Carotté, le punk trad à la ferme

Carotté trempe dans le punk, les reels et les airs de la tradition.
Photo: Anick Lafrance-Bolduc Carotté trempe dans le punk, les reels et les airs de la tradition.

Ils reprennent les reels et les airs de la tradition, mais les trempent dans le punk, et leur disque Punklore et trashdition fut réalisé au début de l’année par Vincent Peake de Grimskunk. Mais Carotté s’inspire également de la Bolduc et change parfois des textes qui sont interprétés par un chanteur à la voix éraillée et des répondeurs qui beuglent comme dans le métal. Ils sont bien installés dans la municipalité de Portneuf, même que Médé Langlois, guitariste et instigateur du groupe, est cultivateur maraîcher et producteur laitier à Neuville. Il est né dans le traditionnel et a grandi dans le punk. Swingez votre compagnie… avec de la distorsion pis de la grosse batterie sale !

« Les Langlois cultivent la même terre depuis leur arrivée en Nouvelle-France en 1667, raconte Médé. Je fais partie de la onzième génération. On fait des fruits et légumes, on a des vaches laitières et un magasin avec l’Économusée de la conserverie. Toute la famille cultive, et ça fredonne des reels. Mes oncles et mes grands-pères, ça jouait toute la gang. Même dans les années 1600, ça jouait. Le colon qui est arrivé icitte, c’était un cordonnier de Normandie, pis de père en fils, tout le monde a chanté, joué du violon, du banjo et de la guitare sèche. Icitte, ça a toujours joué de la musique depuis ces années-là jusqu’à aujourd’hui. »

Rencontre au marché

Un jour, Médé Langlois va vendre ses légumes dans un petit marché à Deschambault près de Neuville. Le groupe trad les Quêteux (à ne pas confondre avec celui du Lac-Saint-Jean) jouait sur le bord des tables. Le musicien-agriculteur leur propose de faire route ensemble. Carotté venait de naître, avec, d’un côté, Médé avec ses deux vieux complices du punk et son monde empreint de l’influence des Groovy Aardvark, Grimskunk, Bérurier Noir, Bad Religion et Nirvana.

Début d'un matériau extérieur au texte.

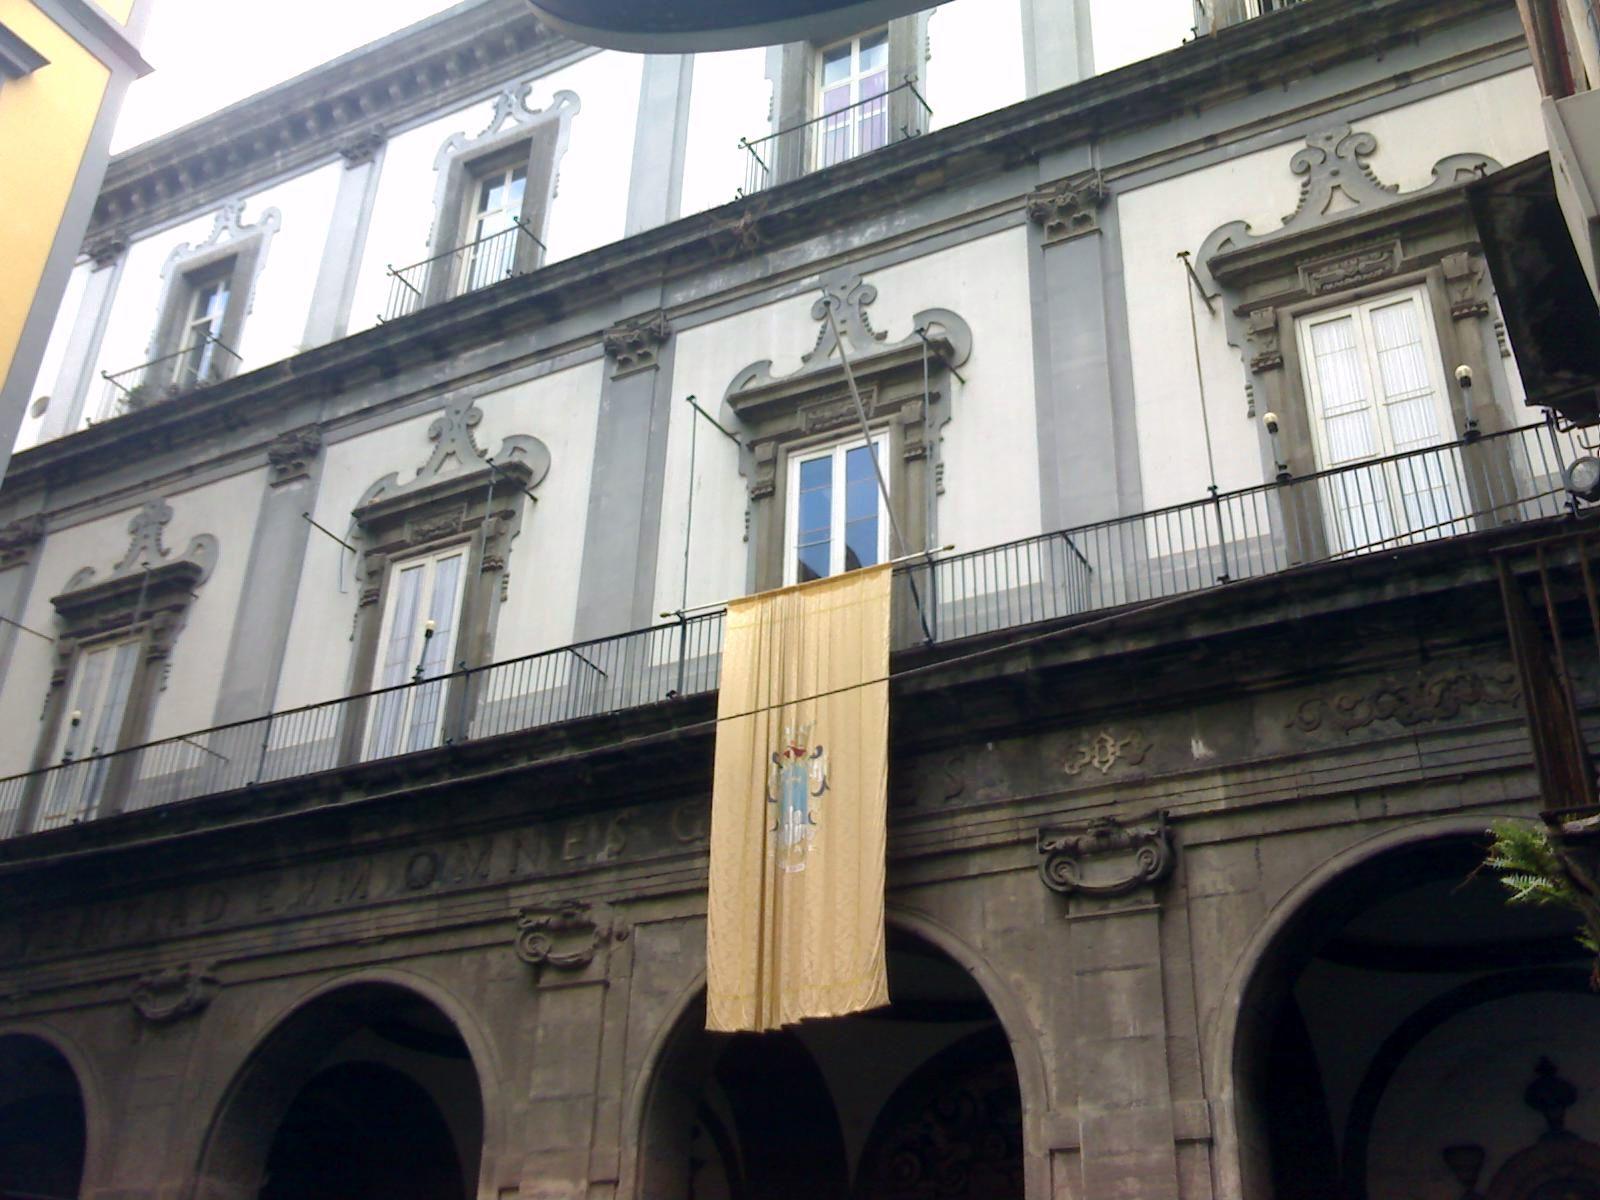 Si inaugurano domani le sculture realizzate da Jan Fabre per il Pio Monte della Misericordia

À l’autre extrême, les membres des Quêteux, un trio issu du traditionnel : « On a commencé il y a environ huit ans, dit Étienne Bourré-Denis, le violoneux des Quêteux et de Carotté. Au début, on avait le groupe Tricoté serré de Saint-Ubalde avec mon oncle et le père et l’oncle des Lavallée, qui jouent aussi dans les Quêteux. On allait dans des jams traditionnels avec les vieux du “comté” et on a creusé pas mal là-dedans. On écoutait la Bottine Souriante, le Rêve du Diable et ce qui se faisait à ce moment. » Et quelles sont les principales influences d’Étienne comme violoneux ? « André Alain est au top de la liste, c’est le premier que j’ai écouté. C’était pas tout le temps propre. C’était joué un peu violent, brut. Il y a aussi Louis “Pitou” Boudreault. Tu retrouves une énergie métal là-dedans. Rythmiquement, ça cogne et c’est très rapide. André Alain était plus nuancé avec une sensibilité dans un jeu très rough. »

À cent milles à l’heure

Entre le trad et le punk, l’énergie brute est un fort point commun et le disque Punklore et trashdition le reflète bien. On joue à cent milles à l’heure comme dans le ska, on rentre dans le dash, on prononce à la québécoise, on construit des ponts de reels dans les chansons, on libère le violon et le banjo là-dedans, on chante a capella avant de plonger dans le plus heavy, on lance les chansons de party dans un joyeux esprit de simplicité et de déglingue avec un p’tit joint en fin de virée : « Tout le monde s’est présenté, pis on commence à s’amuser. Les musiciens vont s’accorder, les danseurs vont s’accoupler, pis c’est Médé qui va caller », chante-t-on dans Veillée chez Médé. Les textes sont parfois à l’avenant, mais il n’y a pas que ça. Dans Évolution, on traite de cet appétit dévorant qui nous aveugle trop souvent. Il s’en dégage du vrai.

Médé conclut : « Moi, ma guitare électrique, c’est vraiment ma guitare dans un son d’ampli pas de pédales. C’est du pur. On essaie d’aller chercher le vrai typique du punk et du trad.»

Carotté avec Les Gars d’ma Shop

Au Divan Orange à Montréal, dimanche 27 décembre à 20 h. À l’Anti à Québec, mardi 29 décembre à 21 h. Au Manoir de Pont-Rouge à Pont-Rouge, jeudi 31 décembre à 22 h.